DATA SEGMENT
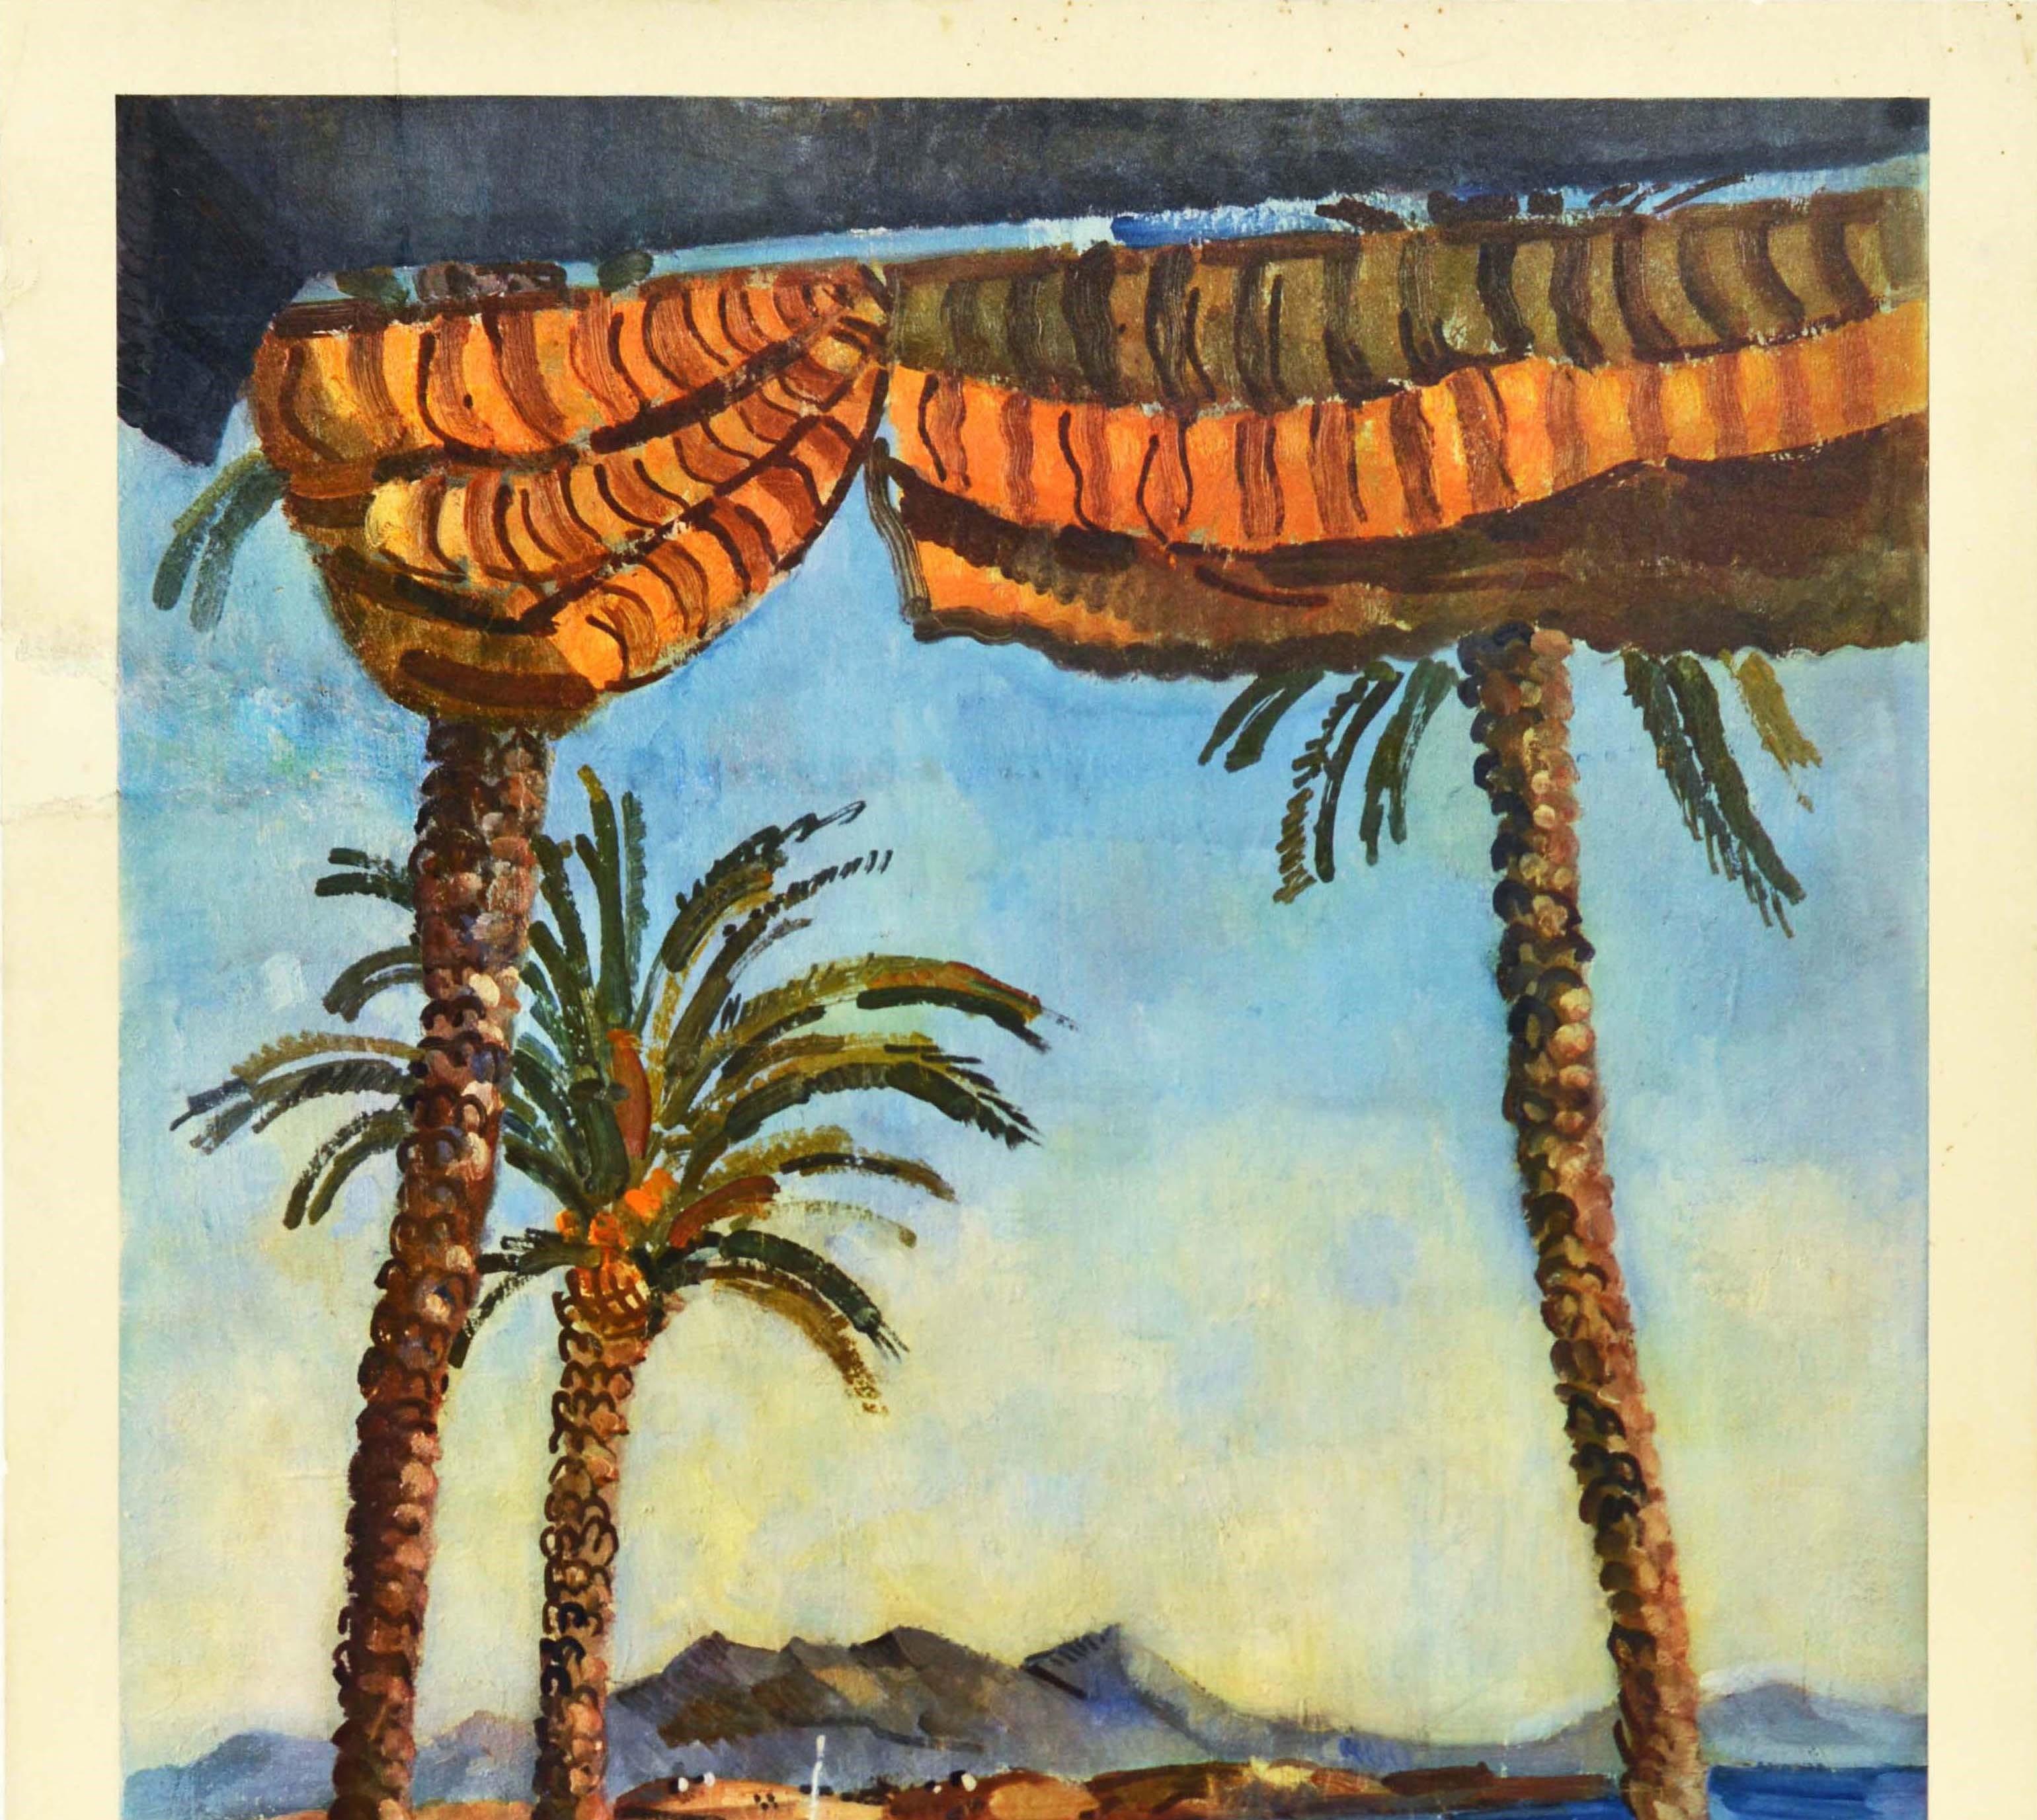 Original Vintage Rail Travel Poster Cote d'Azur French Riviera Mediterranean Sea - Print by Edmond Céria
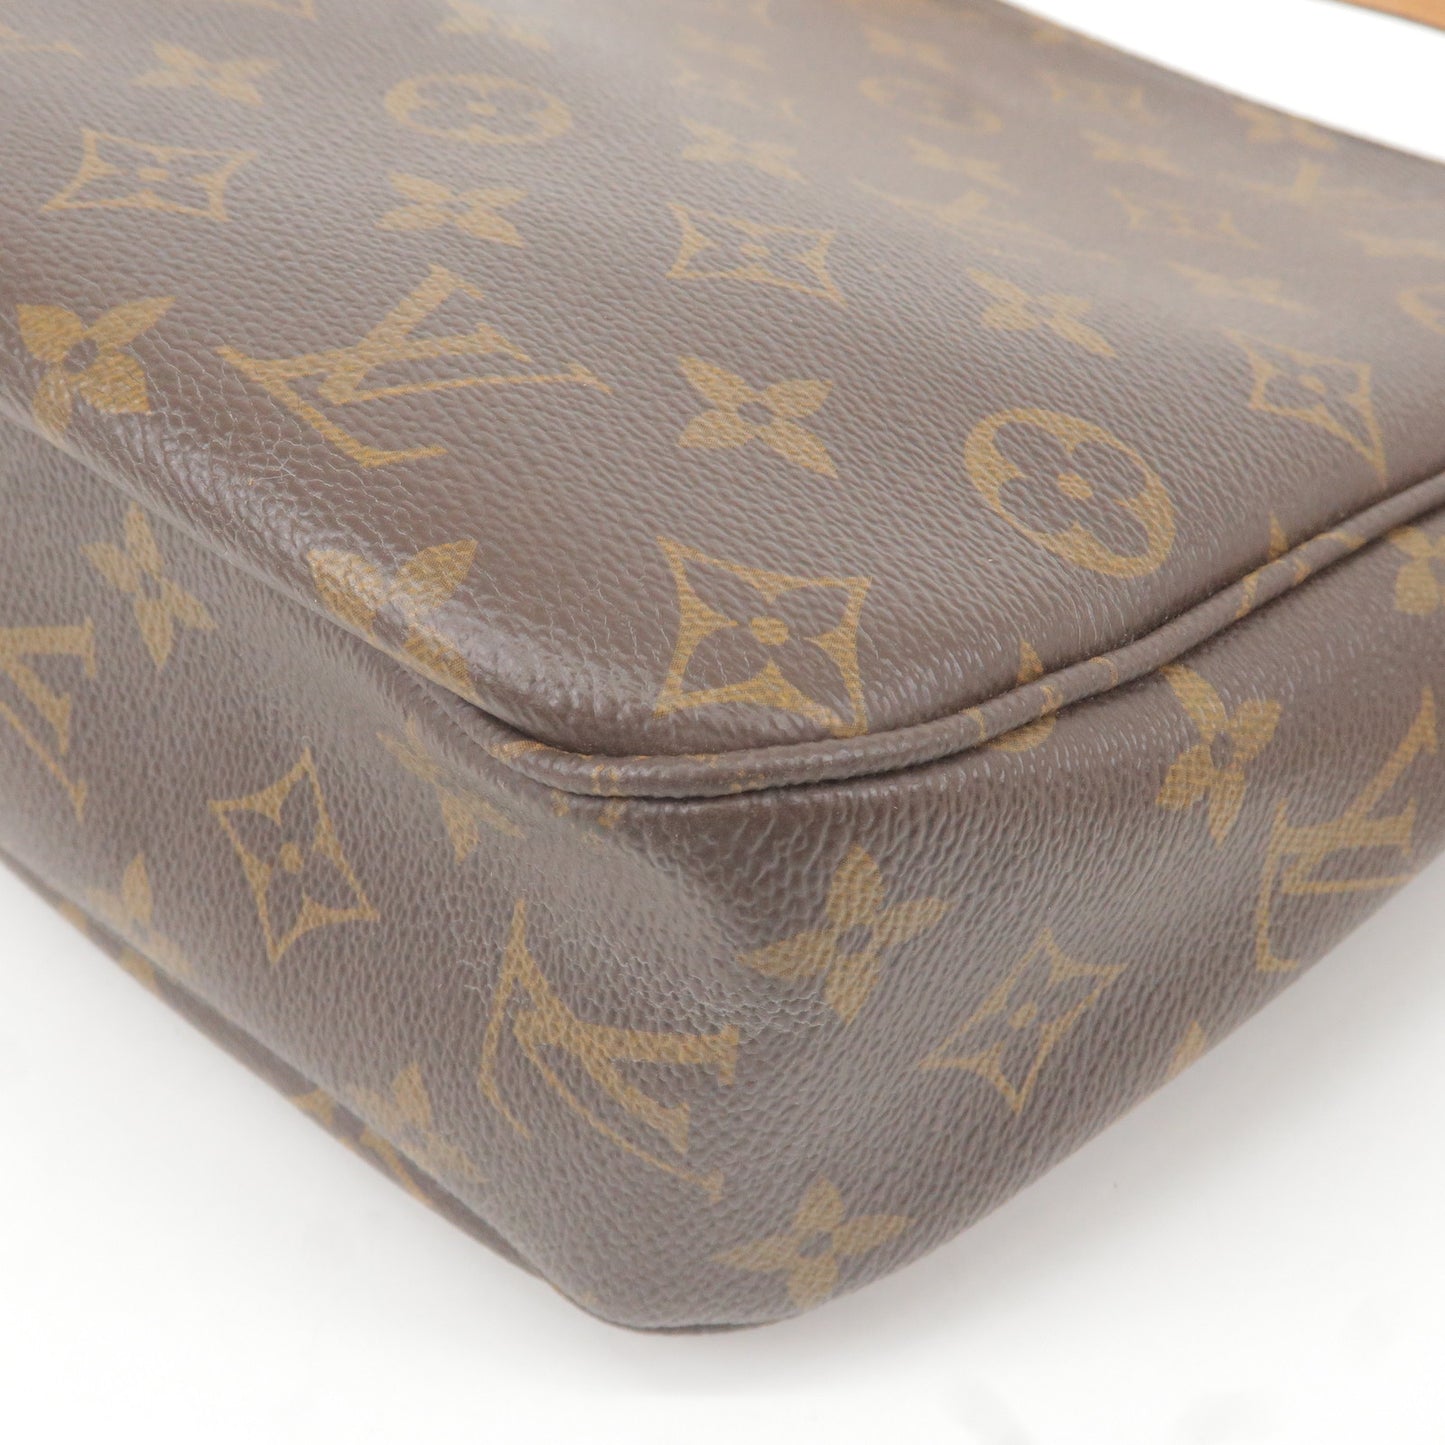  Louis Vuitton M44914 Shoulder Bag, Rare and Popular
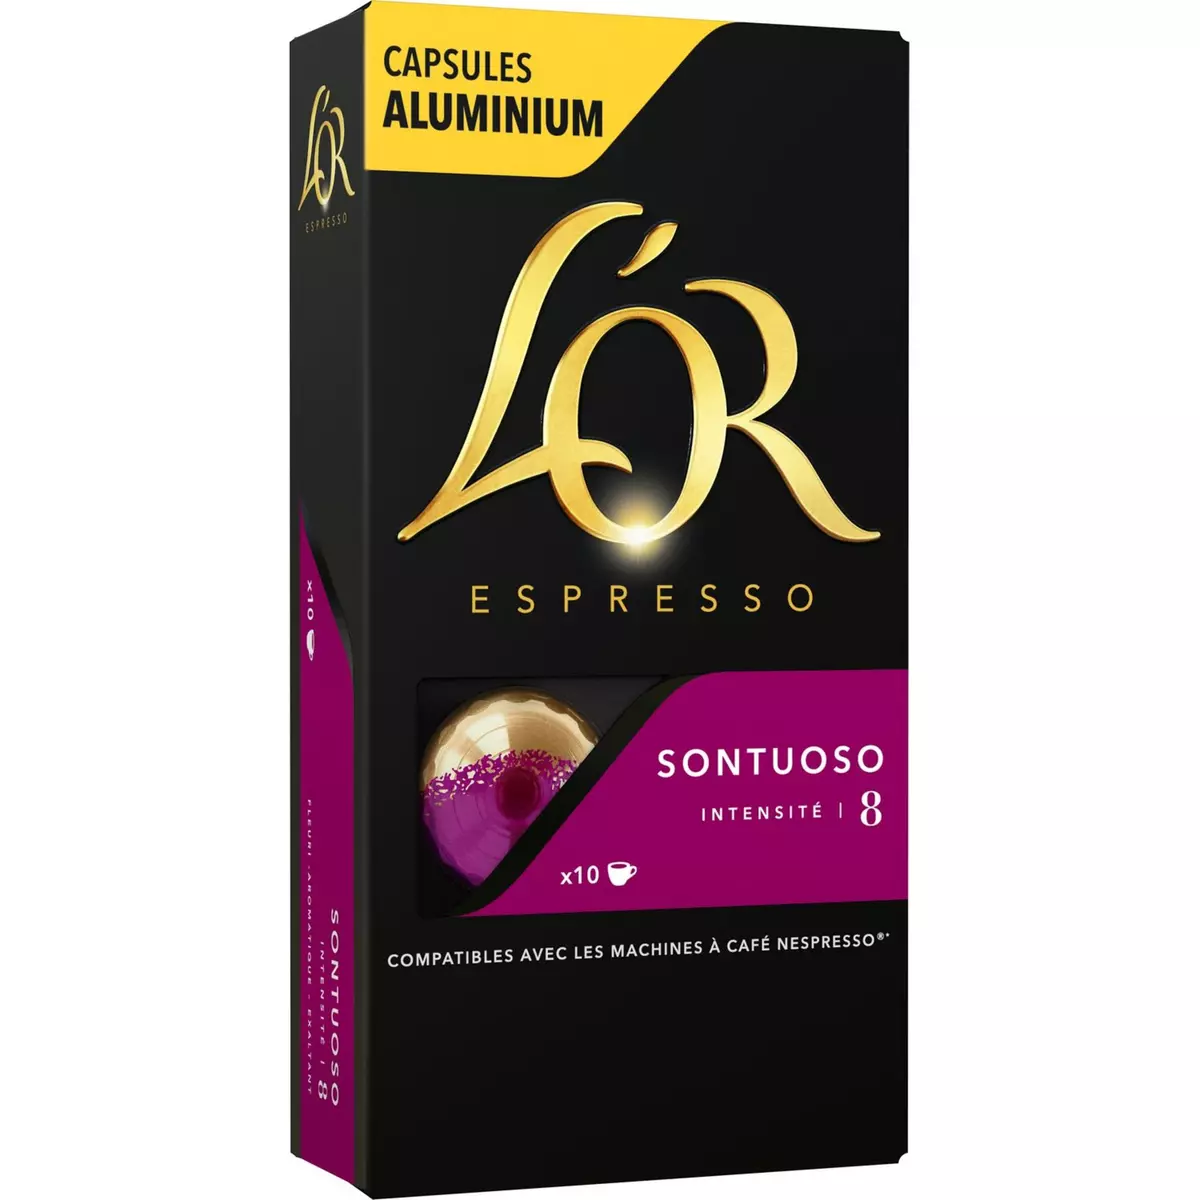 L'OR ESPRESSO Capsules de café sontuoso intensité 8 compatibles Nespresso 10 capsules 52g

THE PROBLEM
Lines from the one holding "Louis Vuitton M44914" to the end of the data, both ends included, are to be given again exactly; no pictures belong in the copy.

RESULT
  Louis Vuitton M44914 Shoulder Bag, Rare and Popular
 L'OR ESPRESSO Capsules de café sontuoso intensité 8 compatibles Nespresso 10 capsules 52g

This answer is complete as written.